The Sustainable Industry Manufacturing for Long-term Ecosystems (SIMPLE) Hub is a University of Southern Queensland led research program in partnership with multiple external industry and community partners. The Hub will target the development of sustainable ‘ecosystems’ in the manufacturing, resource, civil infrastructure, health, energy and agrifood industries.
The Opportunity:We are seeking a range of enthusiastic future researchers who may have backgrounds in materials engineering, manufacturing, polymer science, biomedical science, geotechnical engineering, chemical engineering, chemistry, microbiology or agrifood.
Join the SIMPLE Hub team and contribute to the future creation of more sustainable modified supply chains and manufacturing processes in regional Queensland and beyond. Your work will contribute to preventing several thousand metric tonnes of landfill waste and the development of local remanufacturing systems.
There are 6 fully funded PhD Scholarships available for outstanding candidates to work on a project at The University of Southern Queensland (UniSQ) in collaboration with our industry partners (Oilfield Piping Systems, Darling Downs Health, Jennmar, Impacts Renewable Energy, Venlo, Plungie and Australia Sunlight group) and university partners (University of Queensland and West Virginia University). The scholarship will cover a stipend (living allowance) for a domestic or international student (subject to the success in the application of an international fee scholarship) to commence studying a Doctor of Philosophy (PhD) in 2023.
There may also be the opportunity of undertaking an industry internship with our partners.
Research Topics available:
Project 1: Repurposing waste polymers for cost effective sucker rod guidesPrimary supervisor: Professor Allan Manalo (Allan.Manalo@usq.edu.au).
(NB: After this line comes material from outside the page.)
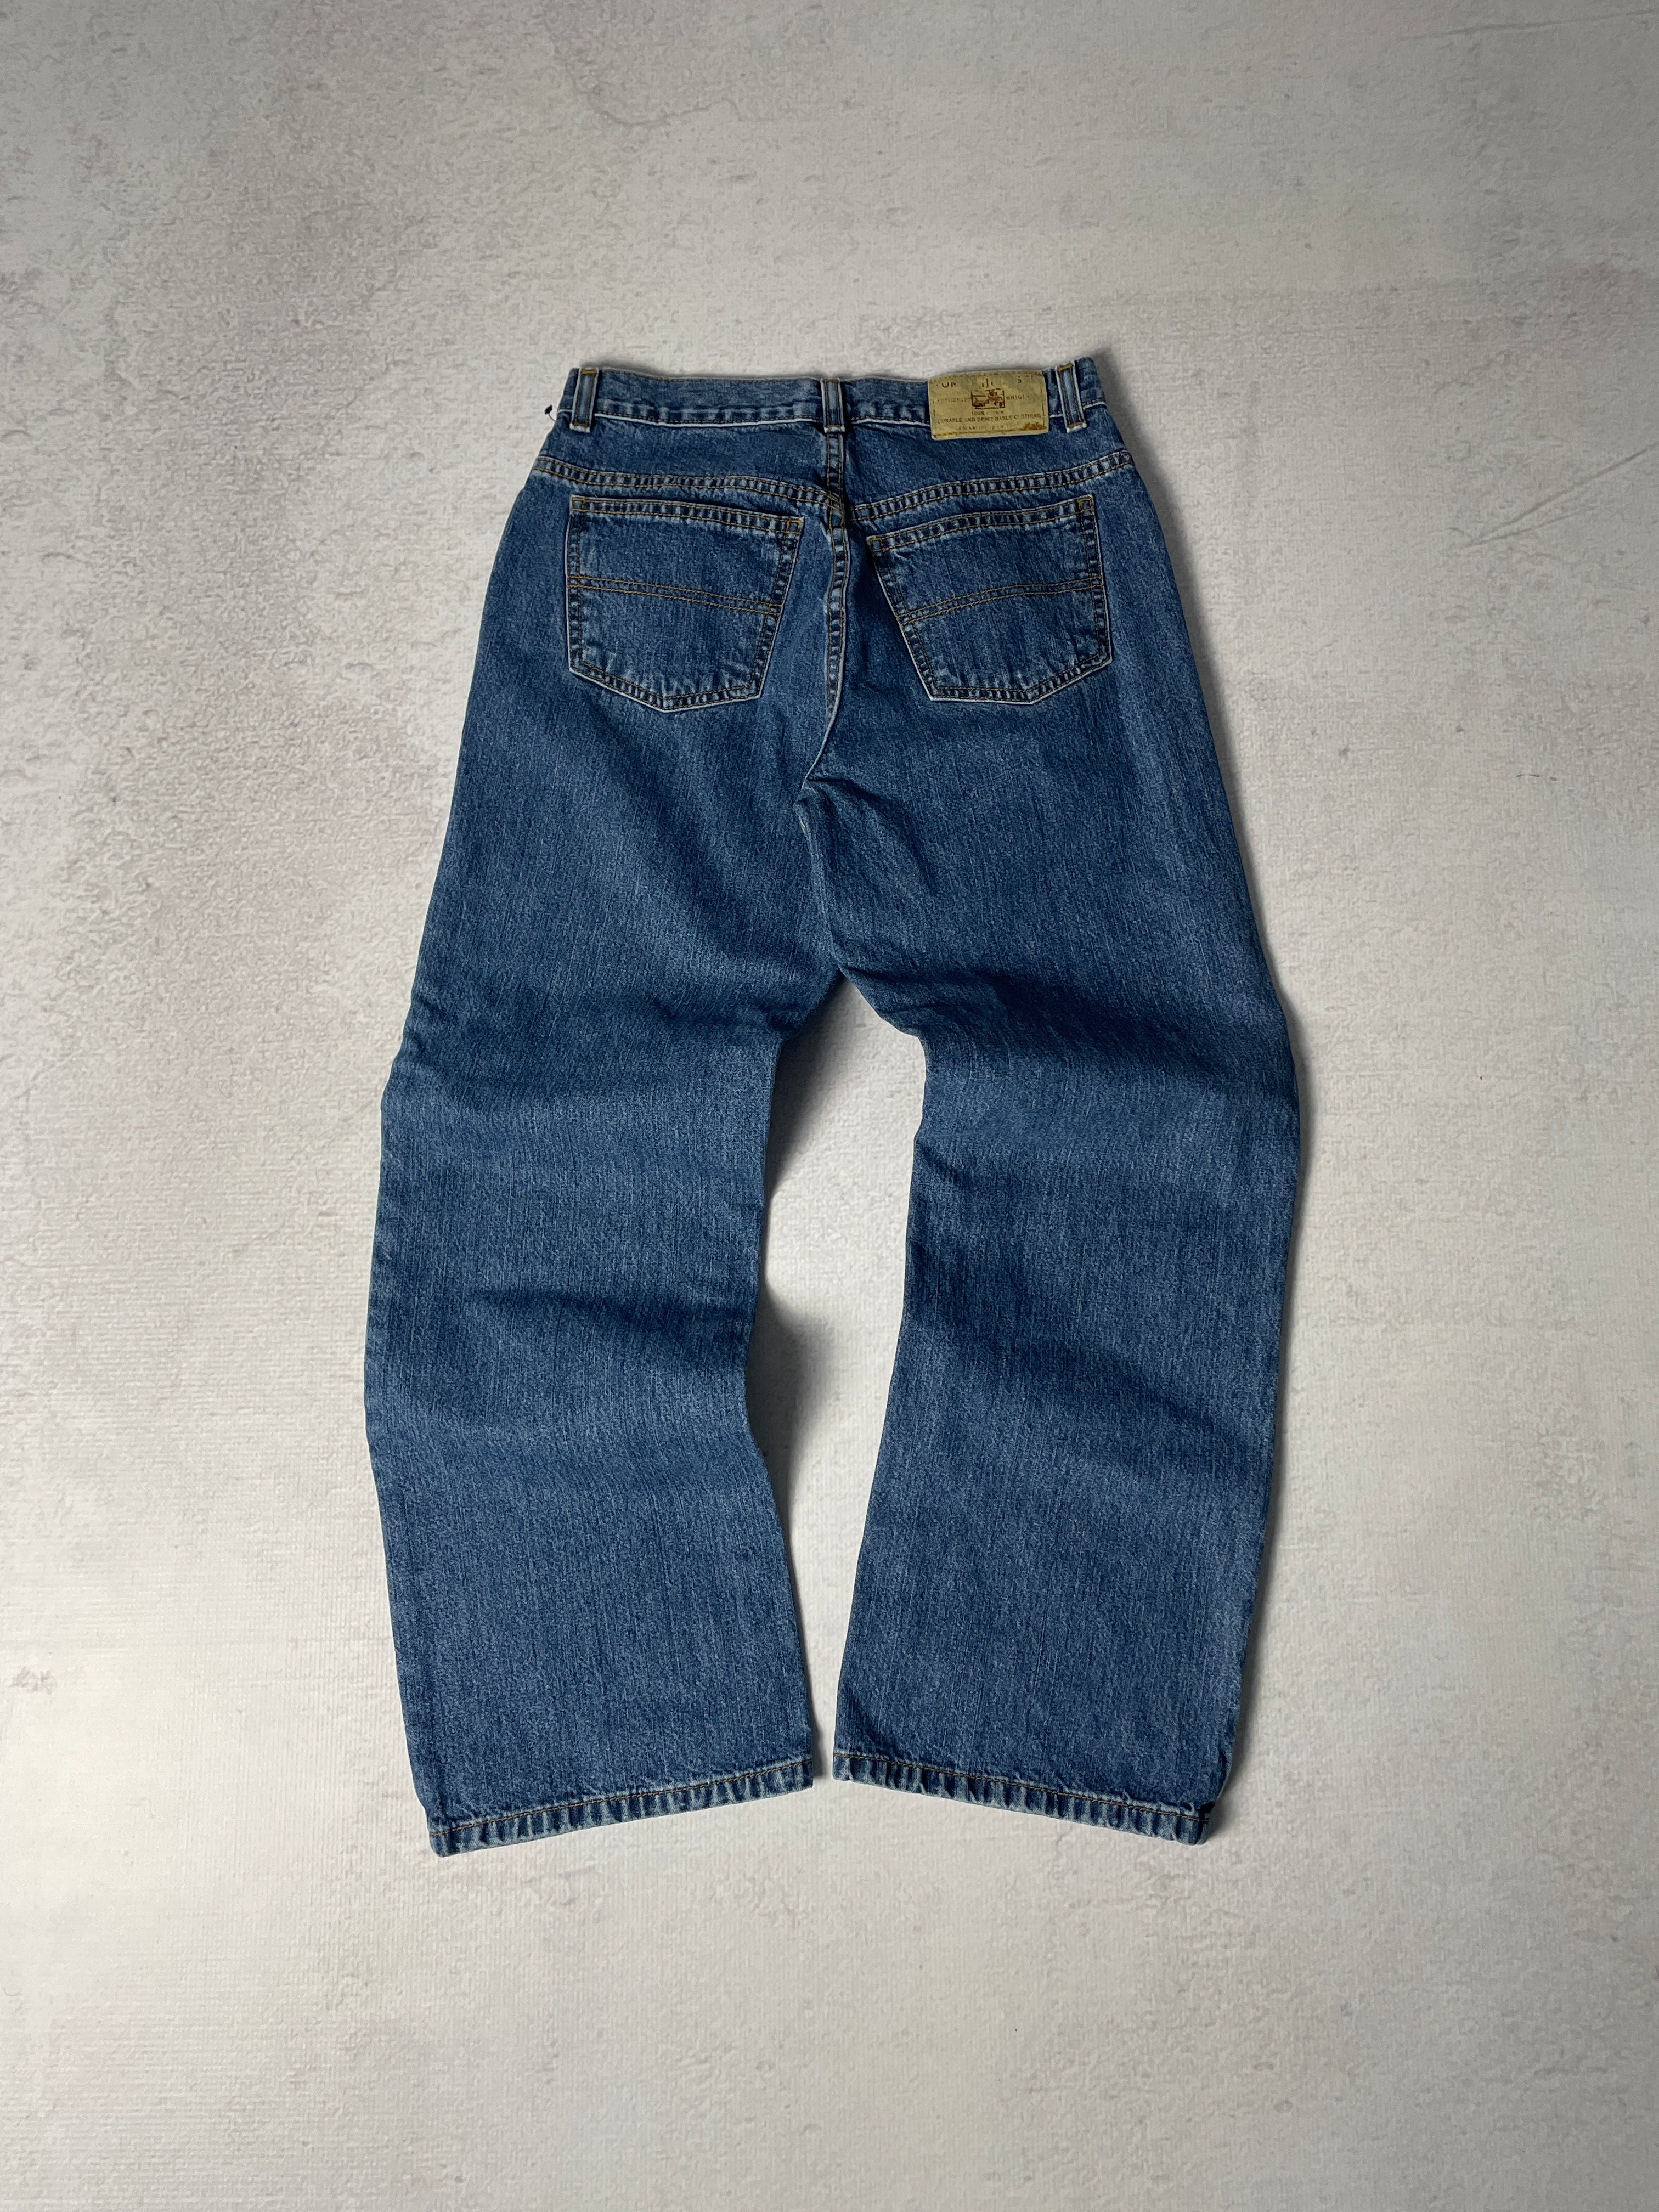 Vintage Tommy Hilfiger Jeans - Women's 24Wx28L
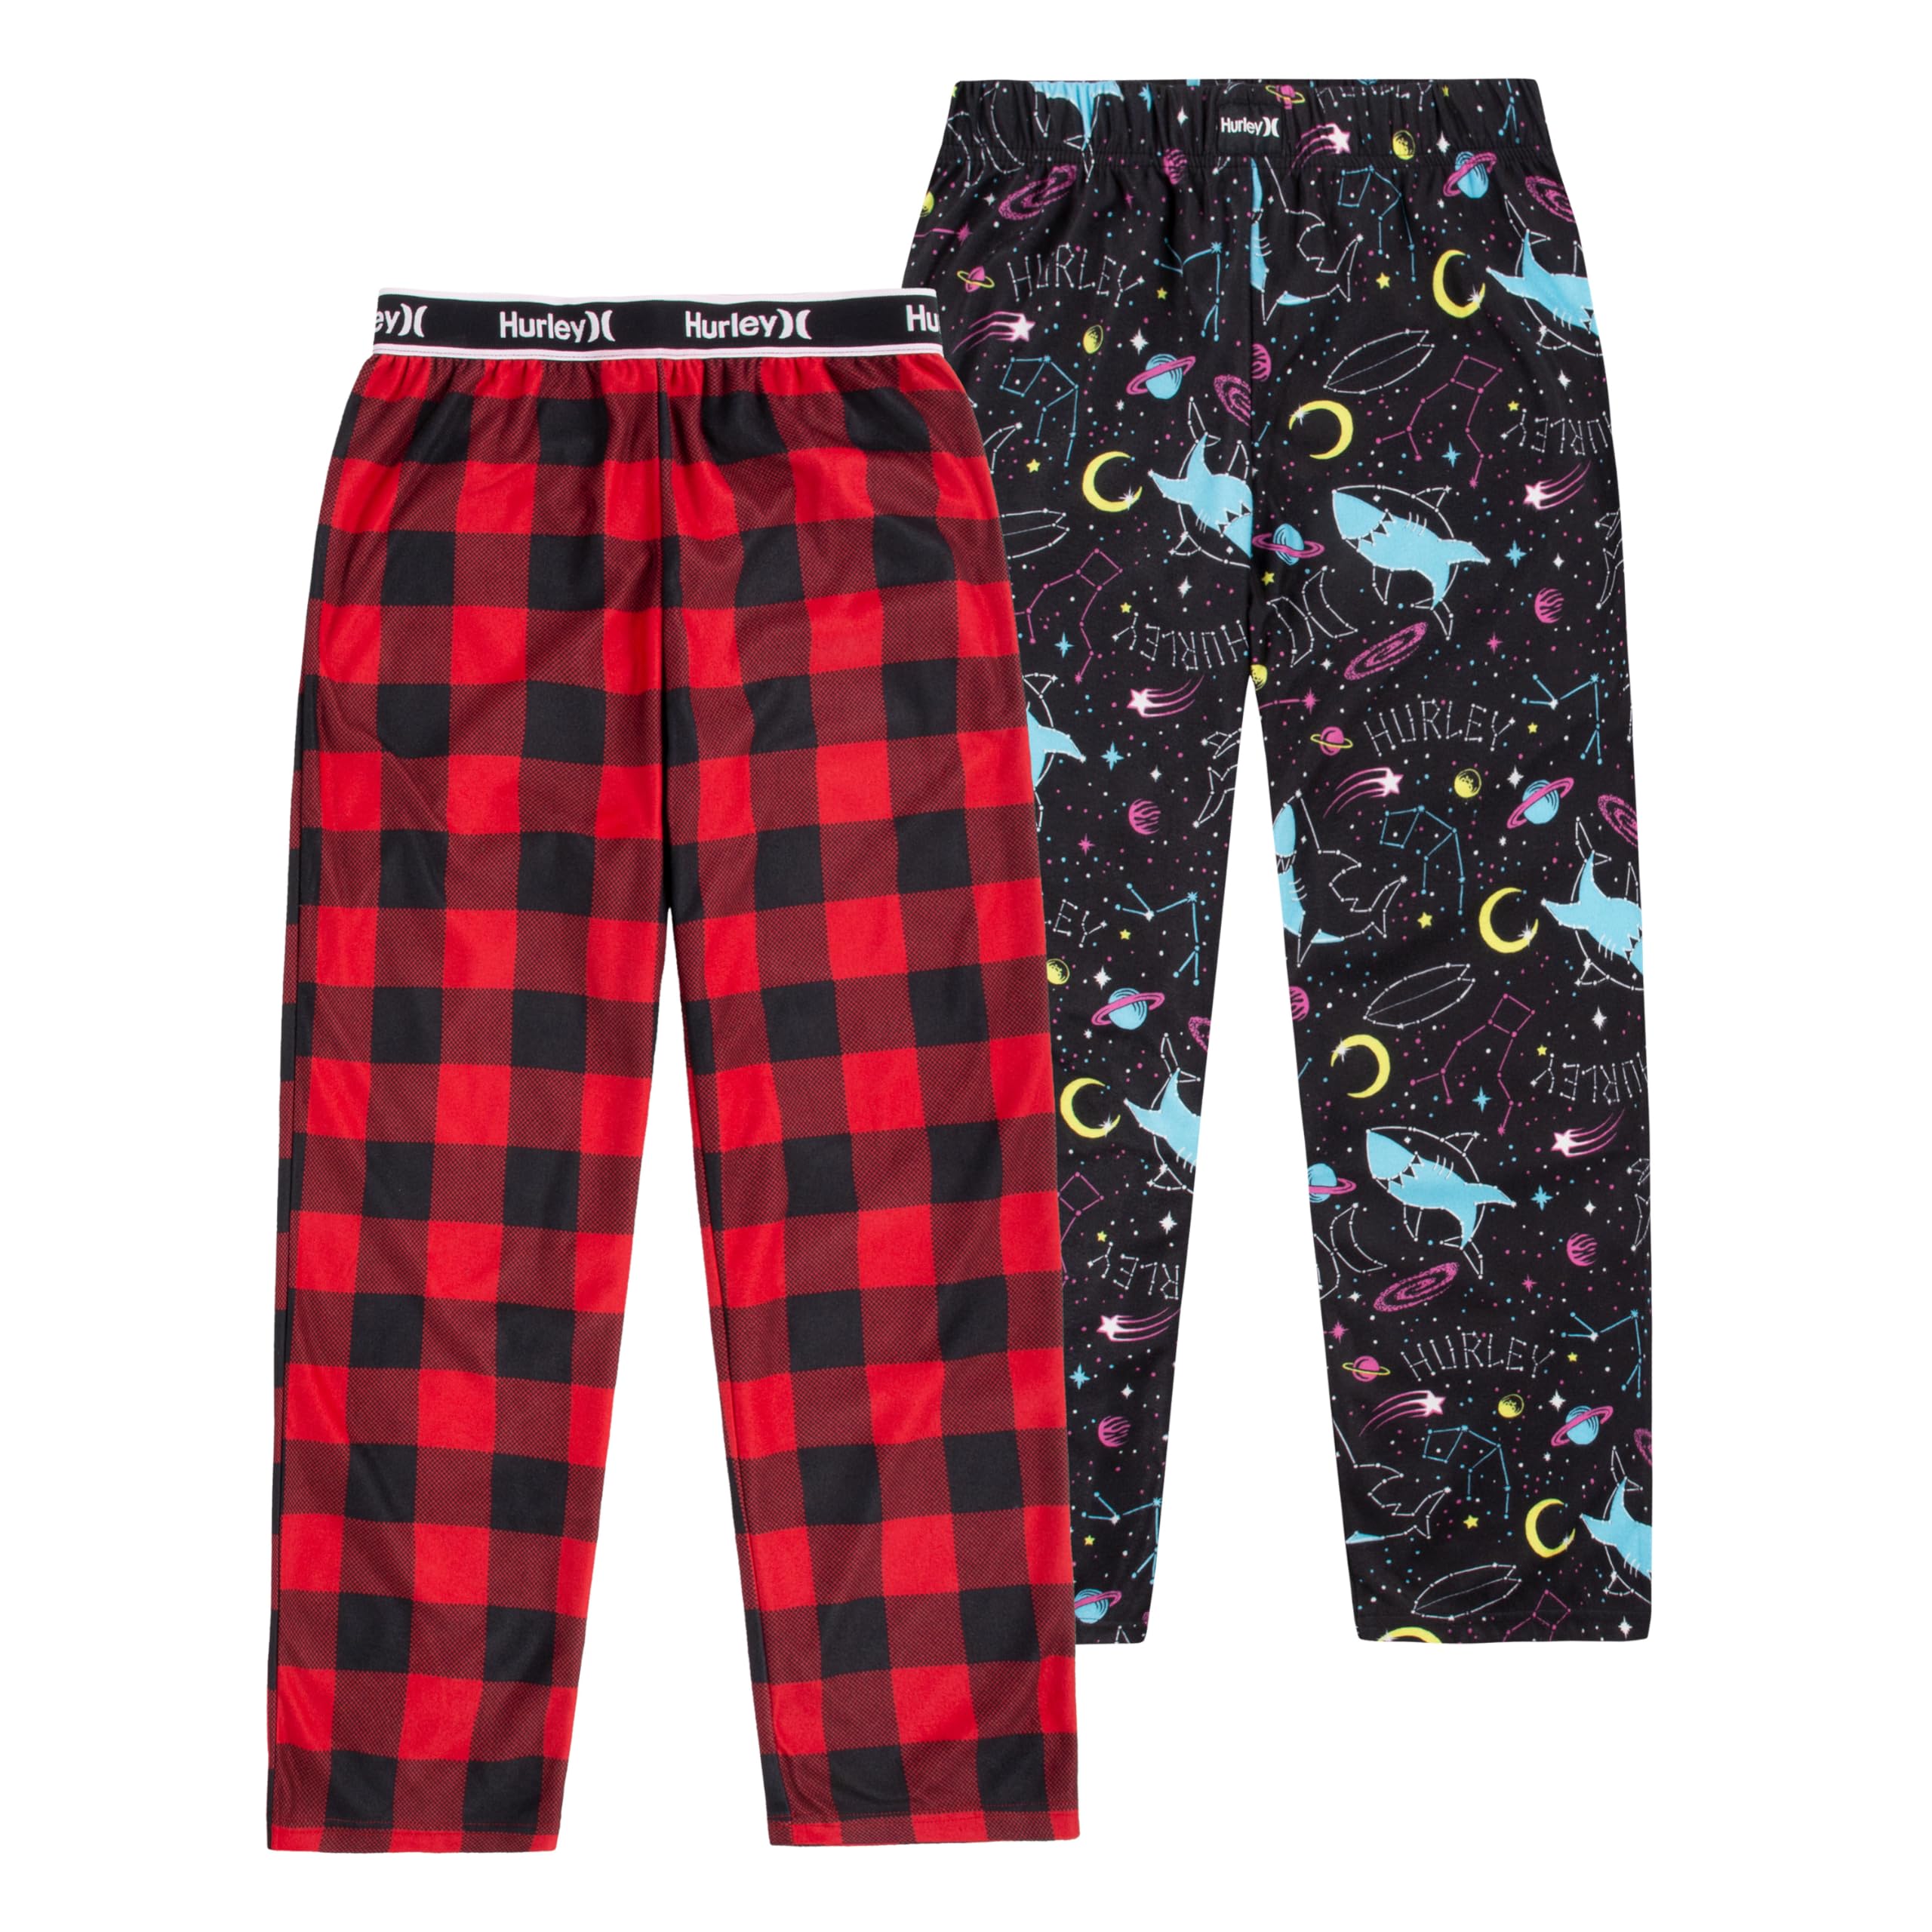 Hurley boys 2-pack Pajama Pants

This project aims to develop cost-effective sucker rod guides to prevent waste in the resource industries. The topic would be based around three core stages: waste polymer material characterisation and categorisation, optimal mix design of repurposed polymer products, performance evaluation of remanufactured polymer products. The work would involve a combination of design of products, methods of fabrication, and methods of inspection. All would be verified by in-situ testing.
Project 2: Fire-retardant recycled polyethylene (PE) masterbatchesPrimary supervisor: Professor Pingan Song (Pingan.Song@usq.edu.au)
This project aims to develop high-performance cost-effective biobased fire retardants from recycled polyethylene (PE) for electronic and battery applications. Ecofriendly and highly effective biobased phosphorus-based fire retardants will be designed and synthesised to improve the processing, fire retardancy mechanical properties of recycled PE in combination with other processing additives.
Project 3: 3D bioengineered bone microenvironments to measure tumorigenic properties.Primary Supervisor: Dr Louisa Windus (Louisa.Windus@usq.edu.au).
This project aims to develop a three-dimensional (3D) scaffold fabricated from ‘waste’ eggshell particles with commercially available or waste-derived hydrogels. The scaffold will then be used to investigate the novel biology to help develop potential therapies for late-stage cancers. The project would be based around three core stages: waste material processing and characterisation, optimal mix design of the 3D scaffold, performance evaluation of the scaffold with tumour-stroma systems. The project may culminate in testing of late-stage cancer therapies using the 3d model.
Project 4: Development of amended grout products using waste materials for mining applications.Primary supervisor: Dr Ali Mirzaghorbanali (Ali.Mirzaghorbanali@usq.edu.au)
This project is intended to develop sustainable and environmentally friendlier grout products for mining and geotechnical applications using a range of waste materials (plastic, glass, tyres, rubbers, and fly ash) as cement replacement. The project will involve benchmarking with existing grouts used for the application of interest, mix design of amended grouts with the waste materials, grout characterisation including mechanical and rheological behaviour, assessing in-service grout performance through small- and large-scale pull out tests on grout-encapsulated cable bolts. This will culminate in development of numerical models to simulate axial load transfer mechanisms of cable bolts encapsulated using amended grout products.
Project 5: Development of small-scale advanced recycling processes with novel energy technologies to prevent food and packaging wastePrimary Supervisor: Associate Professor Polly Burey (Polly.Burey@usq.edu.au)
This project aims to combine novel sustainable energy technologies and small-scale advanced (chemical) recycling processes to deal with regional-scale waste streams. The project will involve physical and chemical characterisation of waste material feedstocks, processing investigations of laboratory scale advanced recycling systems, characterisation of products and testing of their performance. There is scope to proceed to further synthesis with the products.
Project 6: Formation of tailored cellulose materials from agrifood waste streamsPrimary Supervisor: Associate Professor Polly Burey (Polly.Burey@usq.edu.au)
This project aims to produce novel cellulose materials using food by-product streams as the feedstock. The project will involve characterisation of the food by-product streams, fermentation of the by-products into cellulose hydrogels, physical and chemical analysis of the hydrogels including mechanical, rheological and microstructural characteristics, as well as molecular structure. This project is in partnership with The University of Queensland.